[[ Data open ]]

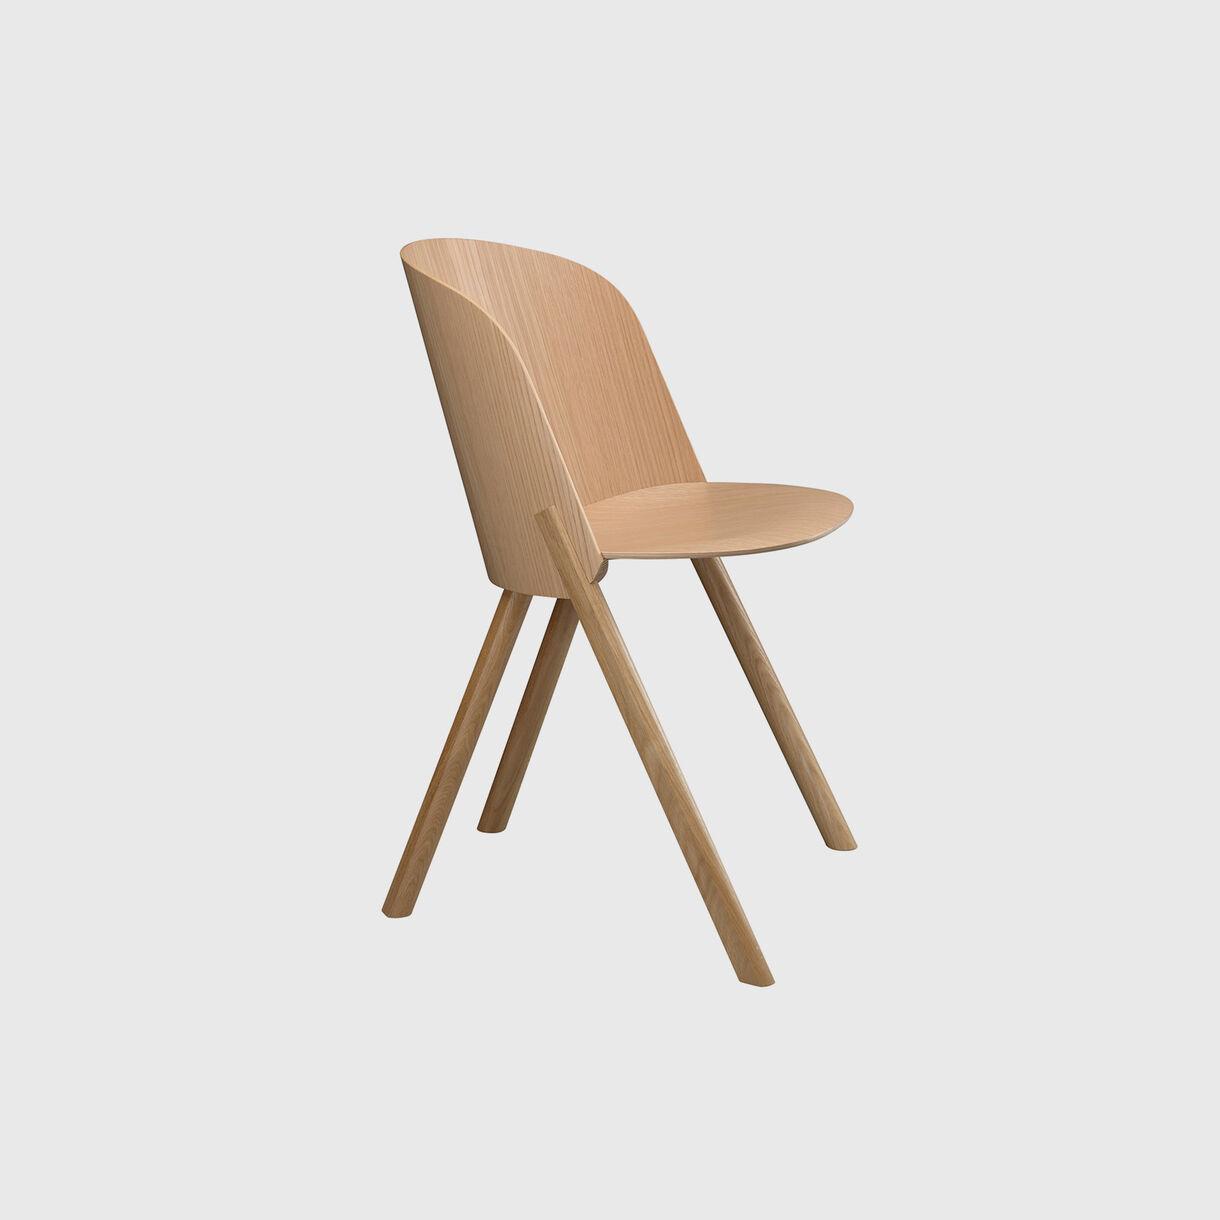 This Chair, Oak
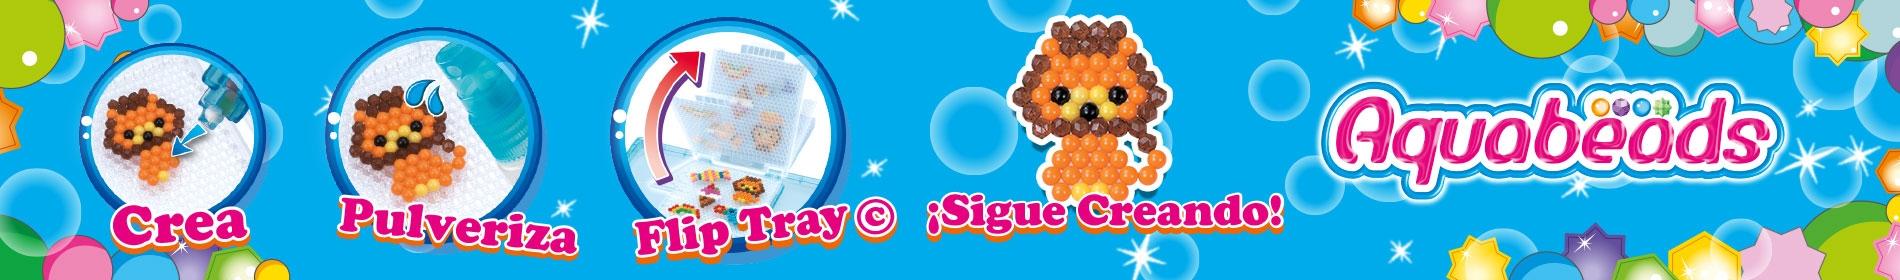 Aquabeads Manualidades Infantiles al mejor precio en nuestra jugueteria online
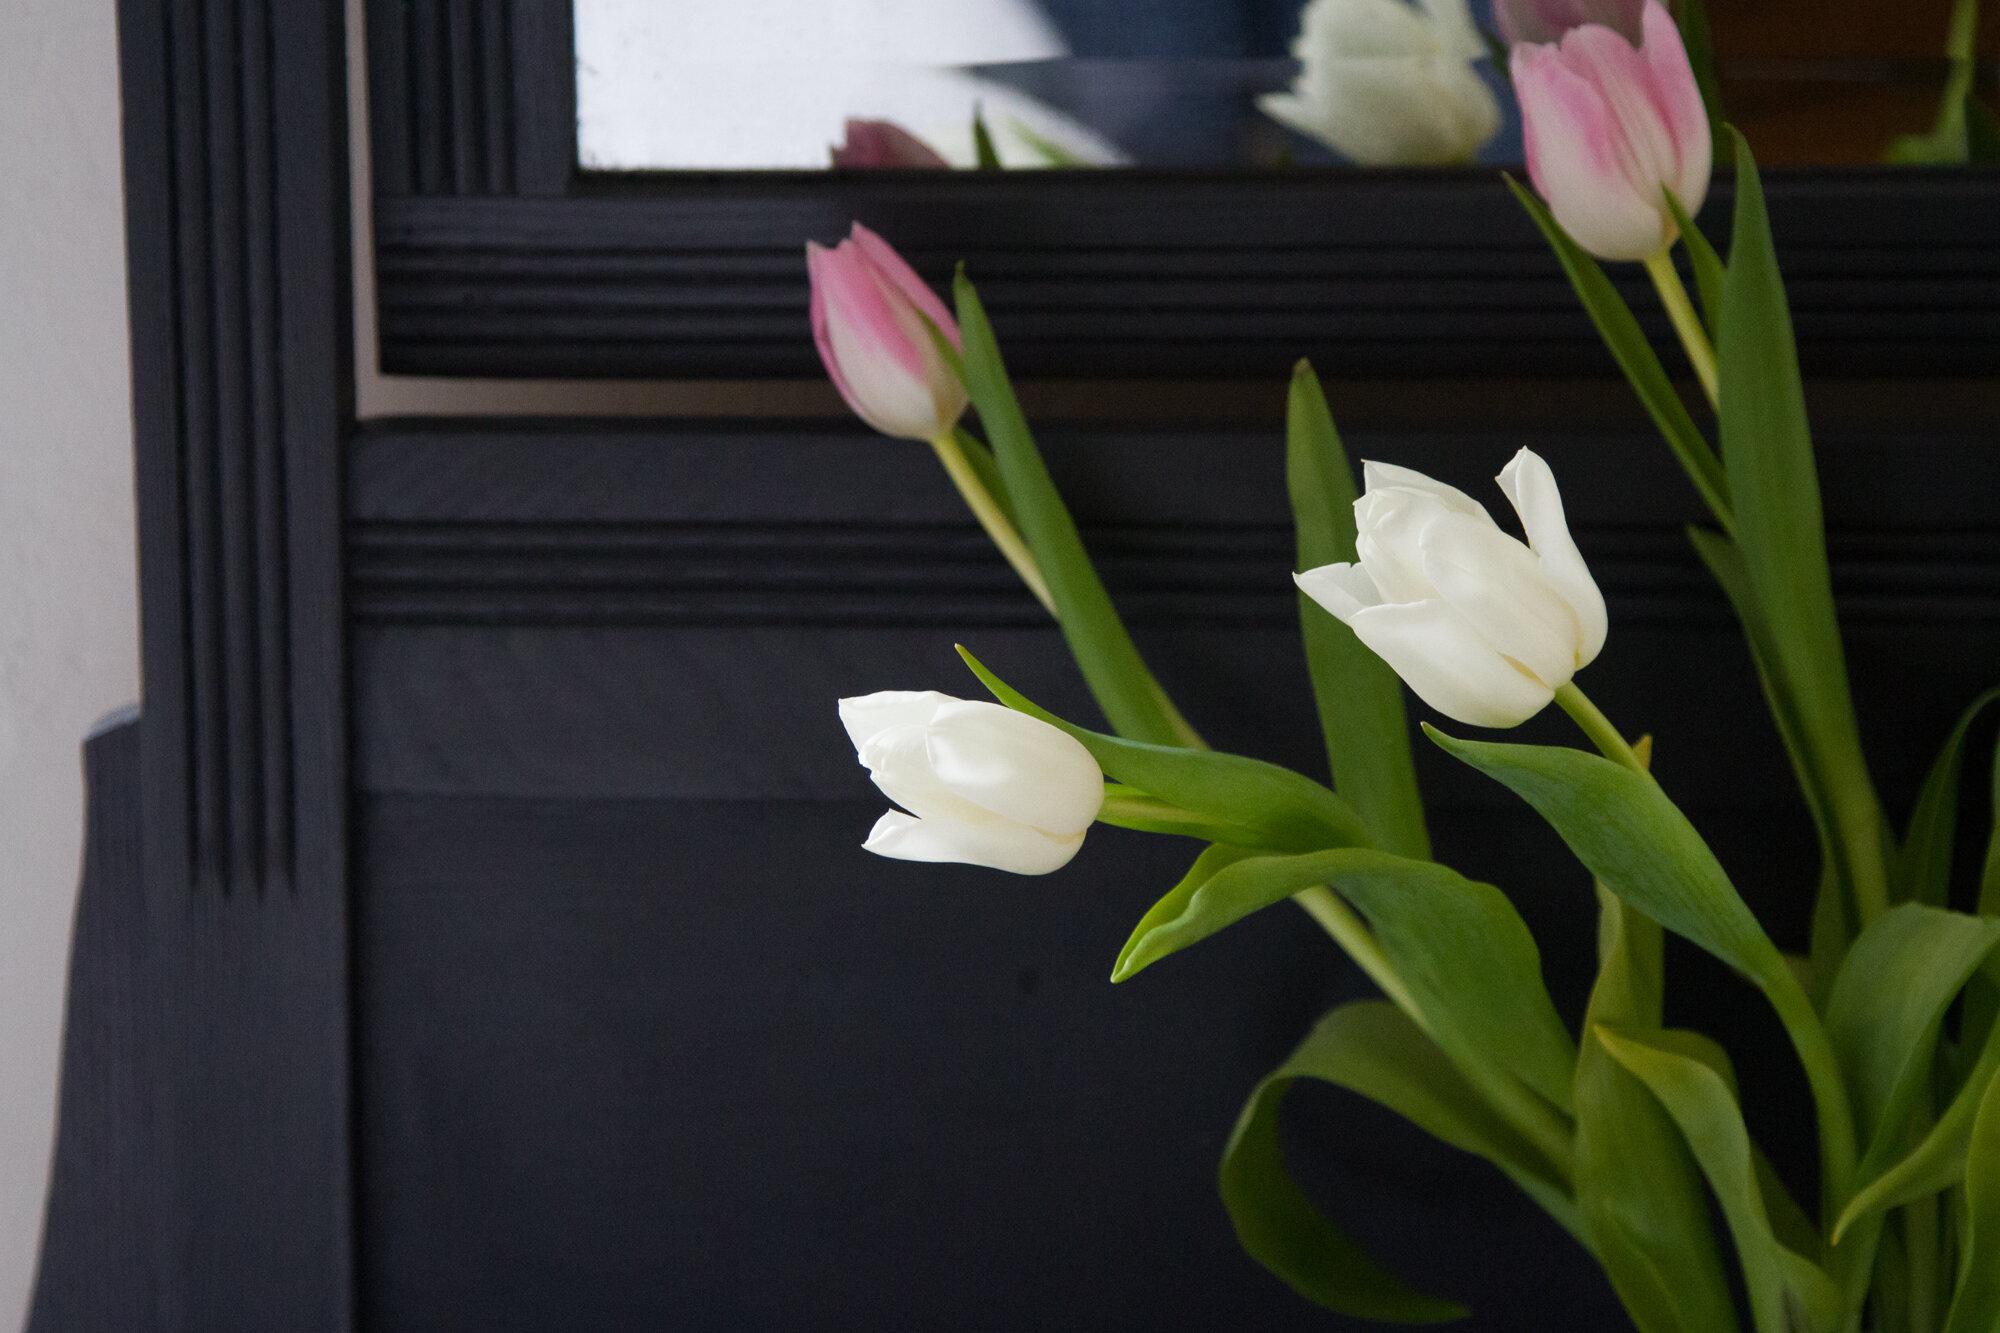 tulips | reading my tea leaves

[[ Data closed ]]

Return all of the material precisely as written. No picture belongs in it.

 This Chair, Oak
 Aquabeads Manualidades Infantiles al mejor precio en nuestra jugueteria online
 tulips | reading my tea leaves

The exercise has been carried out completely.